Very calm and interested, he swam for a bit, then settled back on a rock to watch the interesting, strange creatures peering into his home.

Here’s a link to the Manatee Cam so you can see what a great environment the Mote provides.

I’ve seen several manatee since we moved to Florida, but the Mote manatee, Hugh and Buffett, are “movie stars” compared to wild manatee. Their skin and tails are spotless and perfect. In the wild, manatee are covered by all manner of sea creatures and usually as well as sadly, many scars. Despite laws to protect them and lots of education, they are still injured by boating mishaps. They still suffer because of boating destruction of the sea grass they eat.

This is my best manatee picture from the aquarium – is it Hugh or Buffett – I don’t know!

I also had an interesting visit with one of the sea turtles that lives at the aquarium. They care for several sea turtles, all of which are rescues and which have different injuries or other circumstances that mean they won’t be able to safely return to the wild. Again, as everyone who knows me knows, sea turtles are among my favorite living creatures. One of the high points of my life was swimming alongside of one while snorkeling in Kauai.

So, here are two of the sea turtles at the Mote Aquarium, and the one on the right took an interest in me. Shortly after I took this picture, she took a swim around the tank, fixed me in her gaze, and swam swiftly back in my direction, at the last moment slapping the water with her right fin. Not only did she achieve a mighty splash, getting me and my phone wet, I’m certain she was laughing heartily in her turtle way at her excellent trick.

I understand that some people won’t like this picture, but I also have some friends who will love it. These are three Southern toads, who should be distinguished from the cane toad, which is an invasive species in South Florida. These three pals were just hanging out taking it easy when we walked by.

Have you ever seen such a large hermit crab? I haven’t, either, but a note – I’ve seen “adopt a hermit crab” displays in tourist areas recently and a word – just don’t. Leave them on the beach or in a facility like Mote Aquarium. Don’t try to take animals like this home and force them to live in painted shells.

This is a really nice, curious, and friendly cuttlefish. Not only does he share his ability to change his skin color and patterns instantly, he seems as curious about human onlookers as we are about him.

The Mote has a number of active, friendly pufferfish, so here’s a tip. YES, they can be poisonous. Do not touch them if you see them washed up on the beach. I’ve seen several and fortunately, what little common sense I have told me “Don’t touch it,” because they do contain toxins. Pufferfish can be blown ashore during storms and this just a sad fact of life.

So, of course they also have axolotls at the Mote Aquarium.
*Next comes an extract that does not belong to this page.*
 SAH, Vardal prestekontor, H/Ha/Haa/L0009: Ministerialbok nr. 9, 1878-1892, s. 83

And this delightful snapping turtle, ready to catch me with the lure inside his mouth.

As I was warned as a child, don’t play around with these snapping turtles: they can take your finger off.

I was talking to a native Floridian the other day and told her how sad it was the environment in California had deteriorated so much, even with so many environmental efforts and so much education. She said that Florida had also experienced severe environmental degradation, and that in recent years, things had been improving because people recognized the problems and made changes on their own. So, the beautiful environment that we enjoy so much today is the product of immense efforts on the part of many people. I think institutions like the Mote Aquarium are vital. The Aquarium educates everyone who goes, and they haven’t stopped with the COVID pandemic. They’ve added many virtual programs for all ages. They also have eco tours on the “Mote Boat.”
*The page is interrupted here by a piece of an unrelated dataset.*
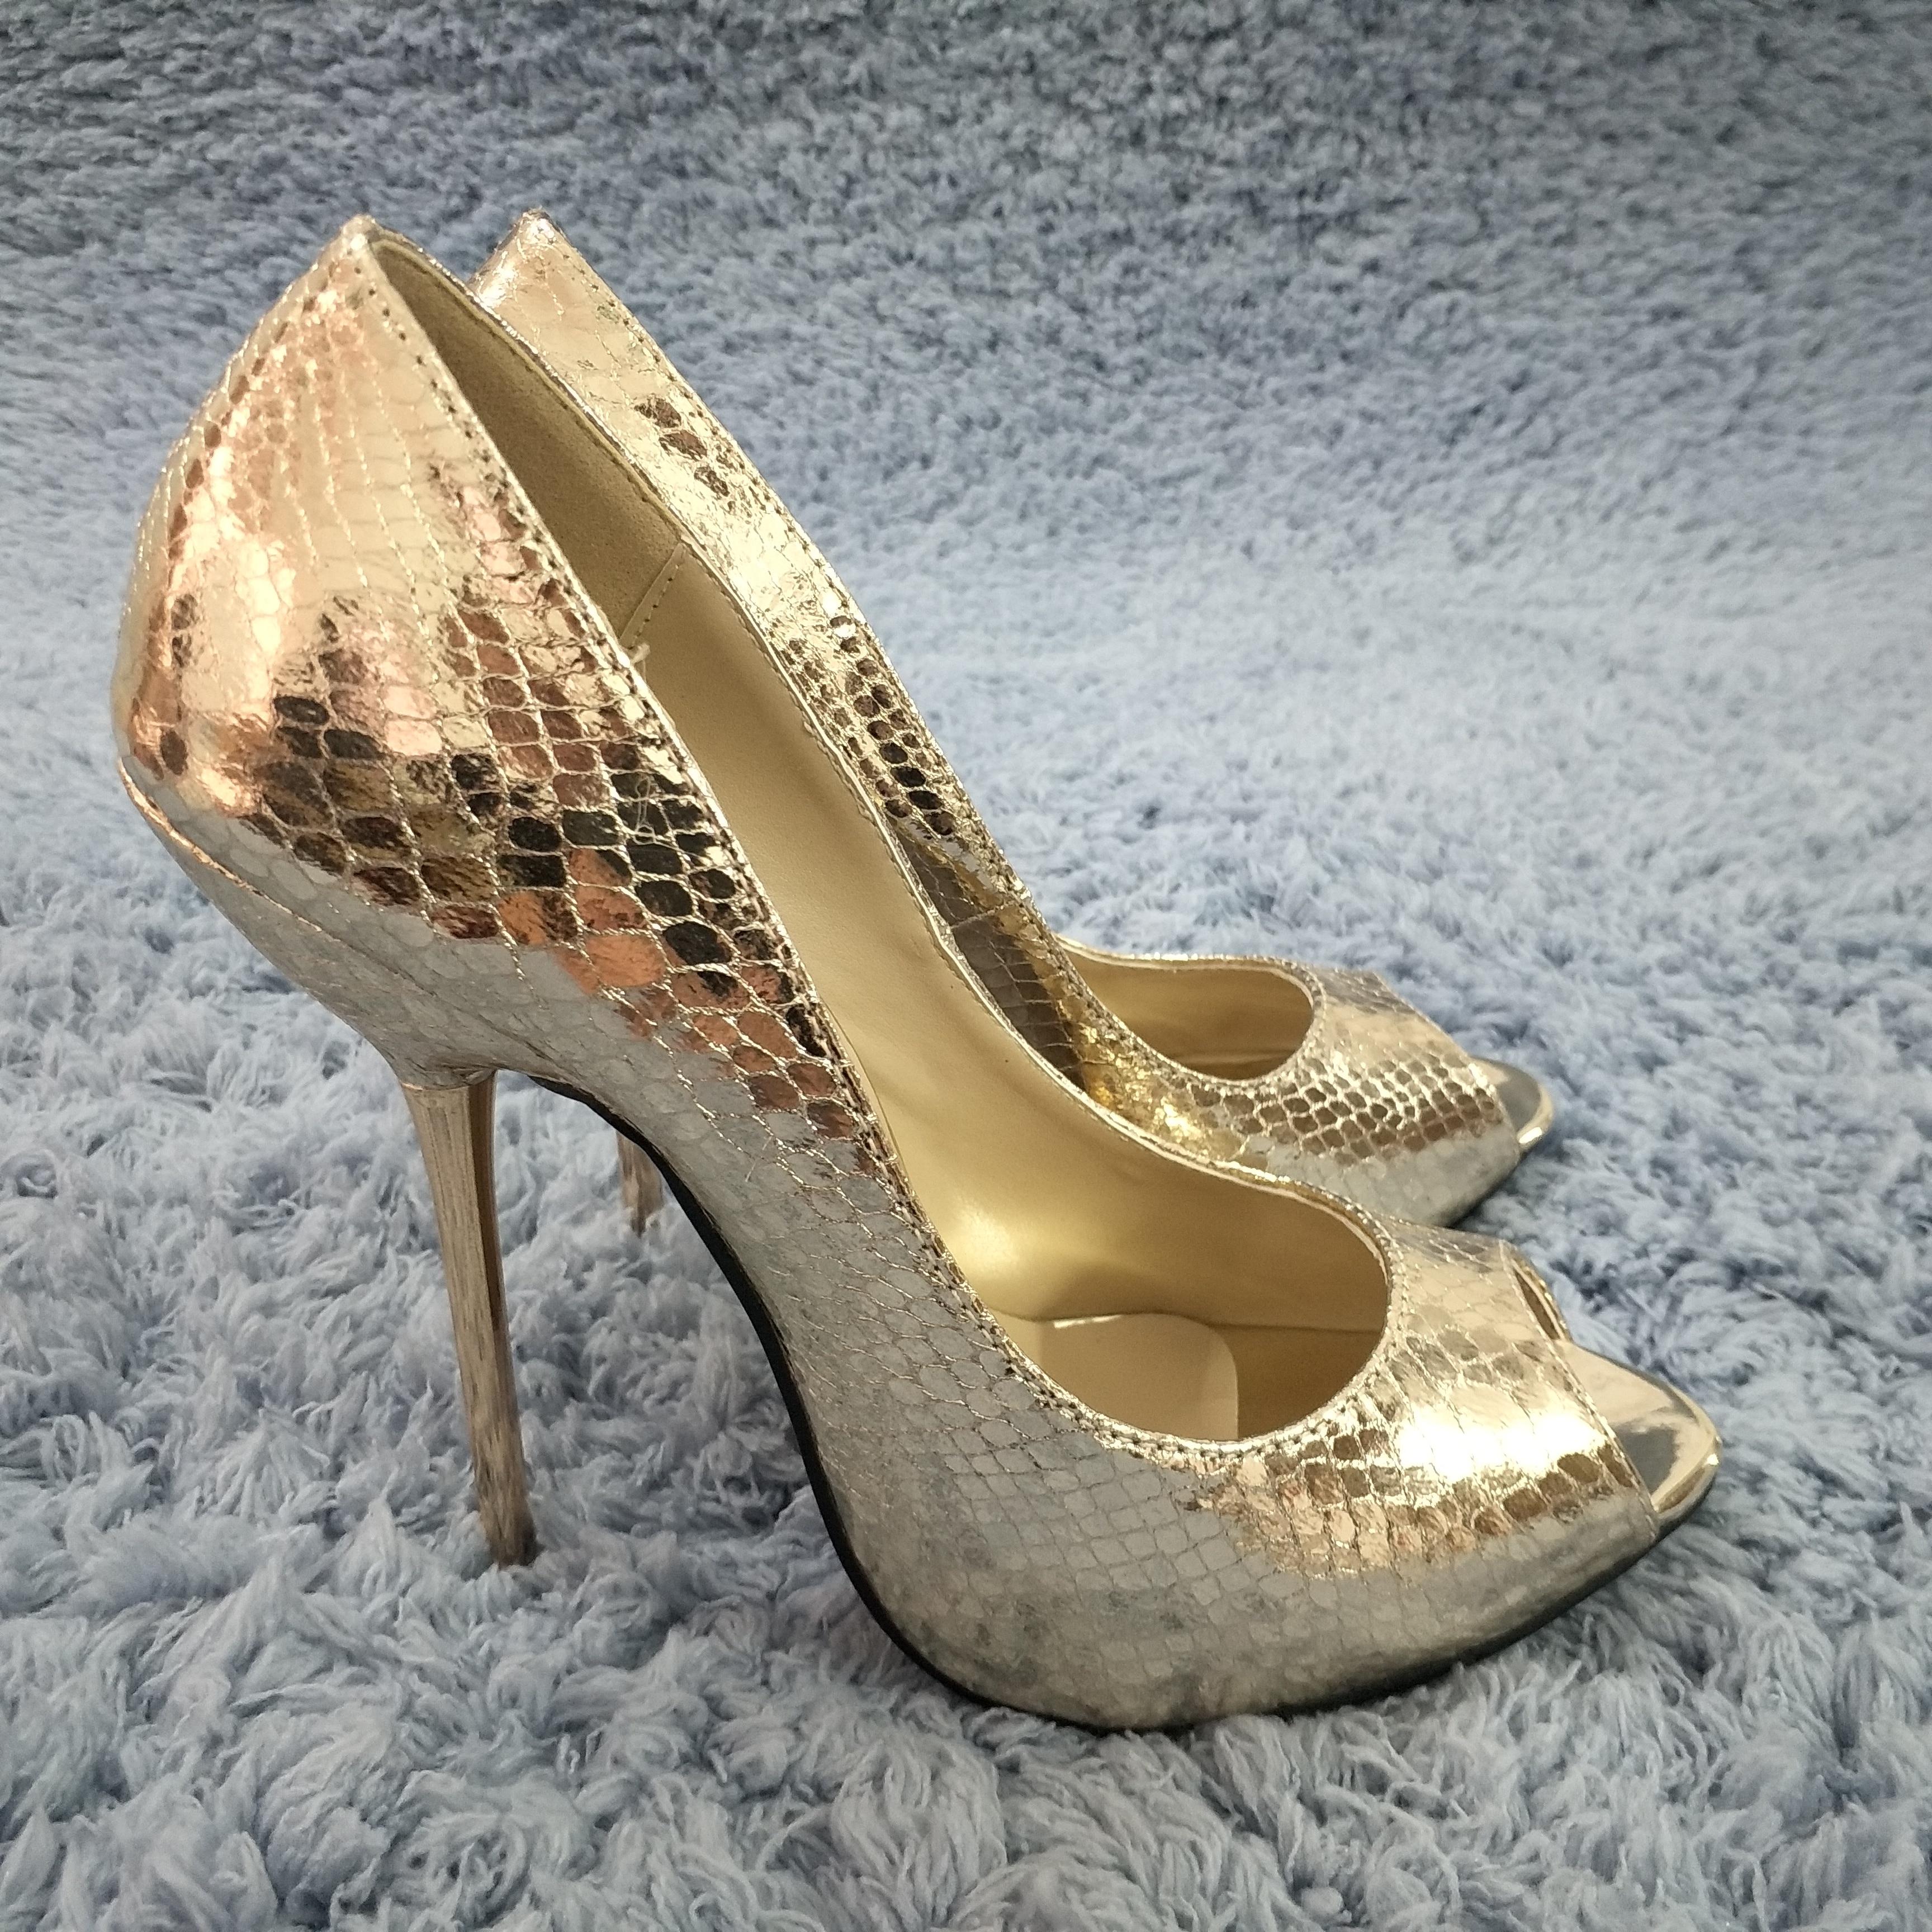 Women Stiletto Thin Iron High Heel Pumps Sexy Peep Toe Light Gold Snakeskin Fashion Party Bridal Ball Lady Shoes 3845-a13

I’m poor at describing the deep emotion that washes over me when I’m in nature or around a large number of animals that are – for lack of a better word – happy. I know it’s not particularly sophisticated, but I have a measure to judge if a place like Mote Aquarium is “good” or “not so good.”

A couple of years ago when I visited the Monterey Bay Aquarium, they have an exhibit which includes hundreds of sardines swimming in a tank that encircles the viewer at eye level. The environment isn’t constructed to force the fish to confront human visitors, it’s shaped in a way that allows you to stand amid the fish in their normal behavior without disturbing them. Anyway, these hundreds of fish were doing their thing and as I stood there, I felt this overwhelming joy emanating from the hundreds and hundreds of silver, flashing, slender sardines.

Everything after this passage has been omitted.